There's been tears. There's been anger on top of residual anger left over from the motor development delays. There's been frustration because you want your child to lead a normal life and you want to lead a normal parental life. You don't want to have to seek the inner special circle for parents with special needs kids. You don't want to have to contemplate any more of the "nonnormal" shit.

And then you get over it. For the most part. Because you have a beautiful child who is here. Who does smile and laugh. Who may or may not be autistic. Who melts your heart and you can't wait to spend time with everyday.

You see this:



And you know you've got it good! No matter what the future holds.

Monday, July 9, 2012

My inner gardener

Seems like I'm always daydreaming about something. Lately it's been gardening. Really it's the wrong season to get started on a garden, so I'm sticking to daydreaming. Mostly. I did managed to finally plant the few stalks of Russian Sage my neighbor had given me and that I was barely keeping alive in a container on the porch. I love Russian Sage, so I'm hoping it thrives. It should since now it has a happy Earthly home instead of being stuck in a container with not much soil and/or water to prosper. And I might get around to digging up the zinnia babies that sprang up in the front bed despite my ripping them out. And because it's scorching hot, daydreaming and planning my future beds.

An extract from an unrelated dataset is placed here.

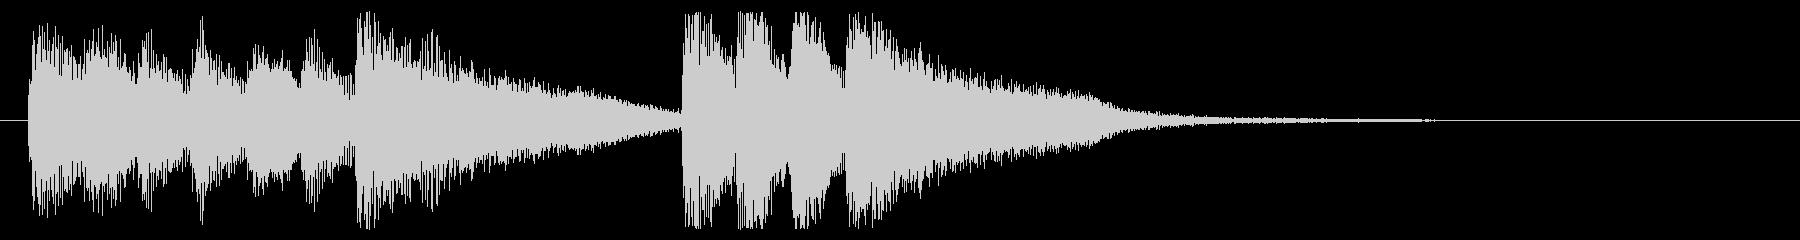 フュージョン的なピアノジングルの未再生の波形

What's making planning difficult is that most of my utility lines are buried where I want to plant—along the side of the house. I'm still not quite certain what I'll do, and the look I'm after: A sweeping line of lavender. And I hope once we put up a fence next year, that I can add another line of lavender or Russian Sage.

Imagine:



I plan to kill off the grass on one side of the house because it can't seem to stay alive during any season let alone the second coming of the dust bowl. Well, except the crabgrass. The crabgrass can survive a zombie attack and an apocalypse. Once the grass is killed off I'd like to put down stepping stones. Again, I'm not exactly sure how I'll be able to do this since our utility lines are right there.

And while all that's going on in my head, we're also putting in a 10'x20' paver patio. Because we're gluttons for punishment, we started the hardest part of the project—prying up our sod and the clay we found beneath (surprise!), in record-setting heat. Needless to say we haven't gotten far because once the shade disappears at noon, so does are resolve and we head inside for hot showers and clean clothes. Maybe we'll be done by the end of July. Maybe. We joke that it'll be a story to tell everyone: We put this patio in on days it reached 104 degrees and higher outside!

Until then, I keep daydreaming—in the refreshing coolness of my AC—where I'm going to put in my veggie garden and how the water feature will sound when I lounge on my patio. It's really beautiful—in my head. Oh, and on Pinterest.